Fig 6. Effect of pairwise drug combinations of selected HDAC inhibitors with albendazole (ABZ) on parasite viability.

In vitro anthelmintic activity was determined for individual HDAC inhibitors plus ABZ: (A) entinostat, (C) TH65, and (E) TH92; as well as entinostat in combination with (B) TH65, and (D) TH92. (F) Concentrations used for each compound, corresponding to their respective IC₂₅ values. The compounds were tested alone and in combination at different incubation times, using the Mesocestoides vogae tetrathyridia (TTy) motility assay. Relative motility indices were measured from three independent biological replicates, each one in quadruplicate. Error bars represent the standard deviation. Proportional effect indices were calculated at 6 days of incubation (marked with a box). TTy incubated with the drug vehicle (1% DMSO) represented a negative control.

Fig 7. Classification of the anthelmintic effect determined for pairwise drug combinations of selected HDAC inhibitors and albendazole (ABZ).
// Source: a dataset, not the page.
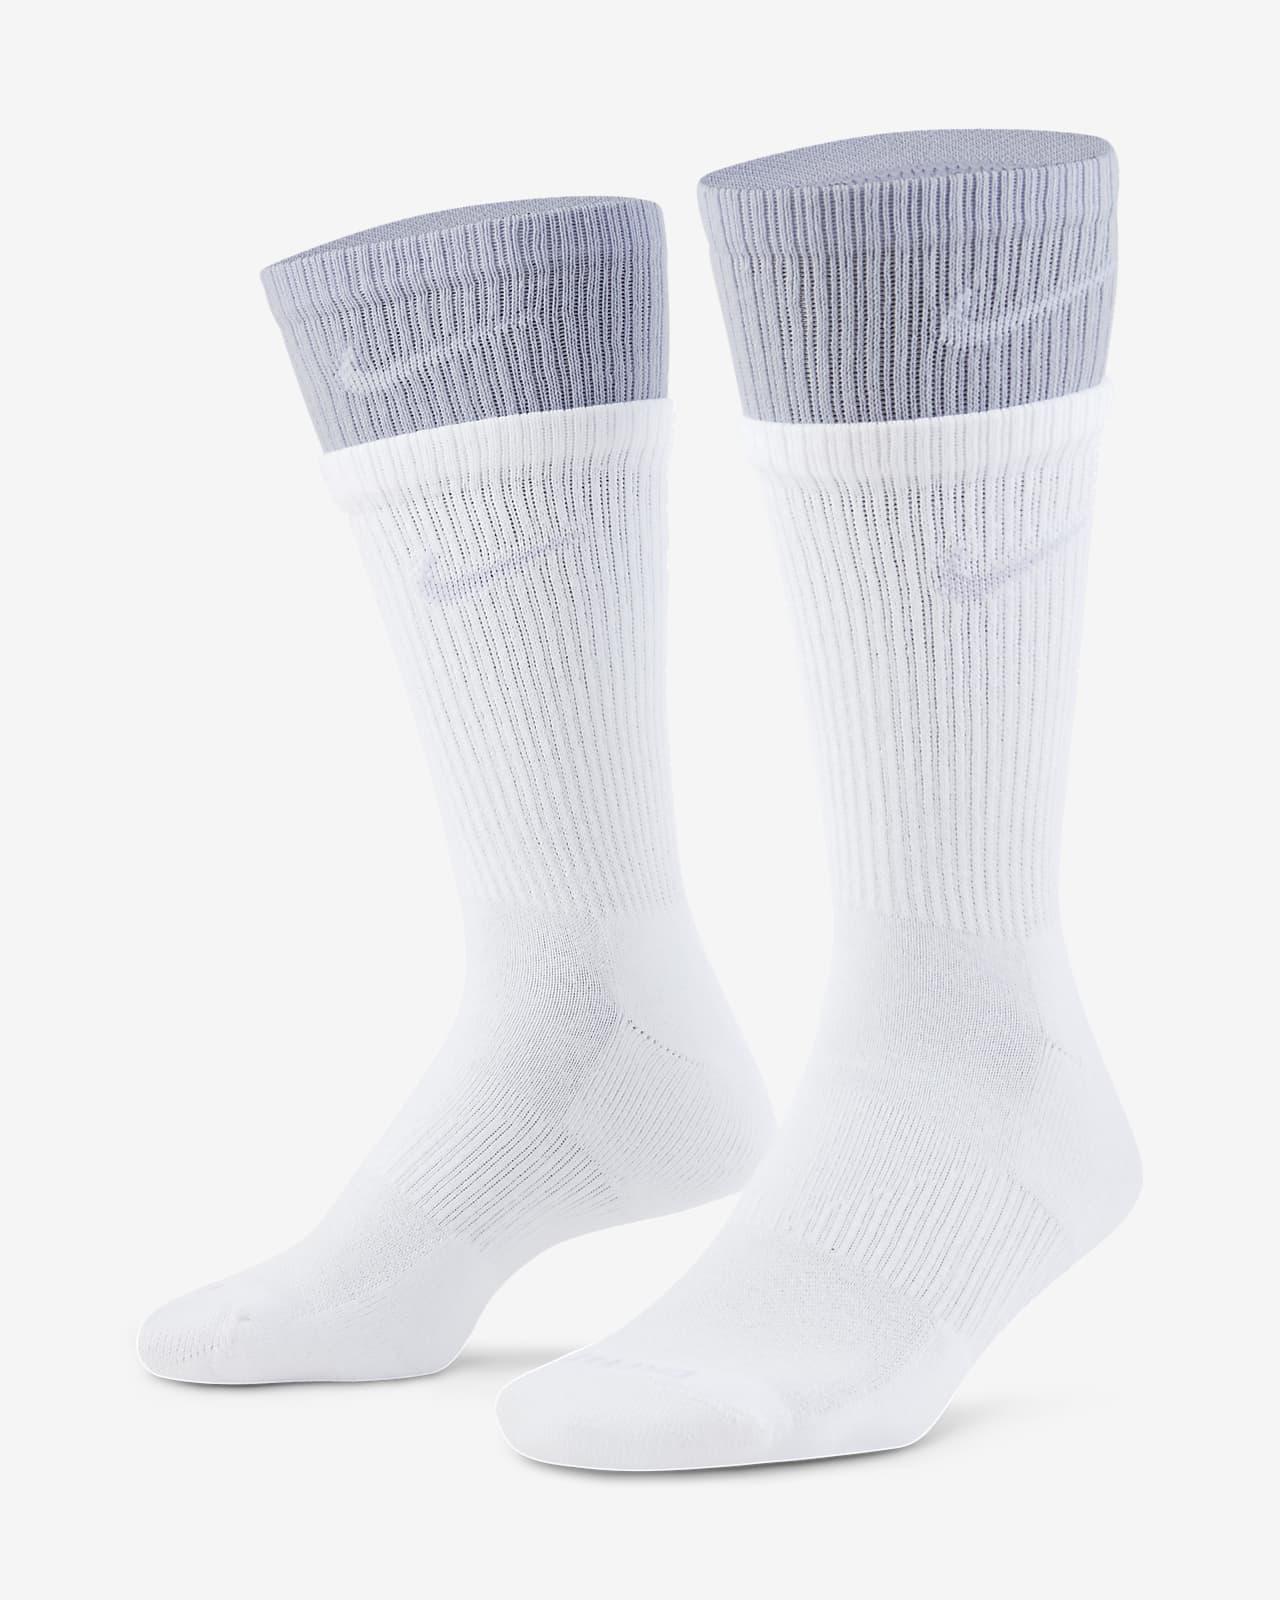 Nike Everyday Plus Cushioned Training Crew Socks

The proportional effect indices were determined for all binary drug combinations of HDAC inhibitors and ABZ tested. The values are displayed in a heat-map format to display the deviation away the different combinations’ merely additive predicted effects. Index values range from -1 to +1. The predicted additive effect index (0) is depicted in yellow. If the effect determined for the pair of compounds is higher than the predicted outcome, it is indicated in green; if the determined effect is lower, it is indicated in red. The proportional effect indices were calculated from three independent biological replicates, each in quadruplicate.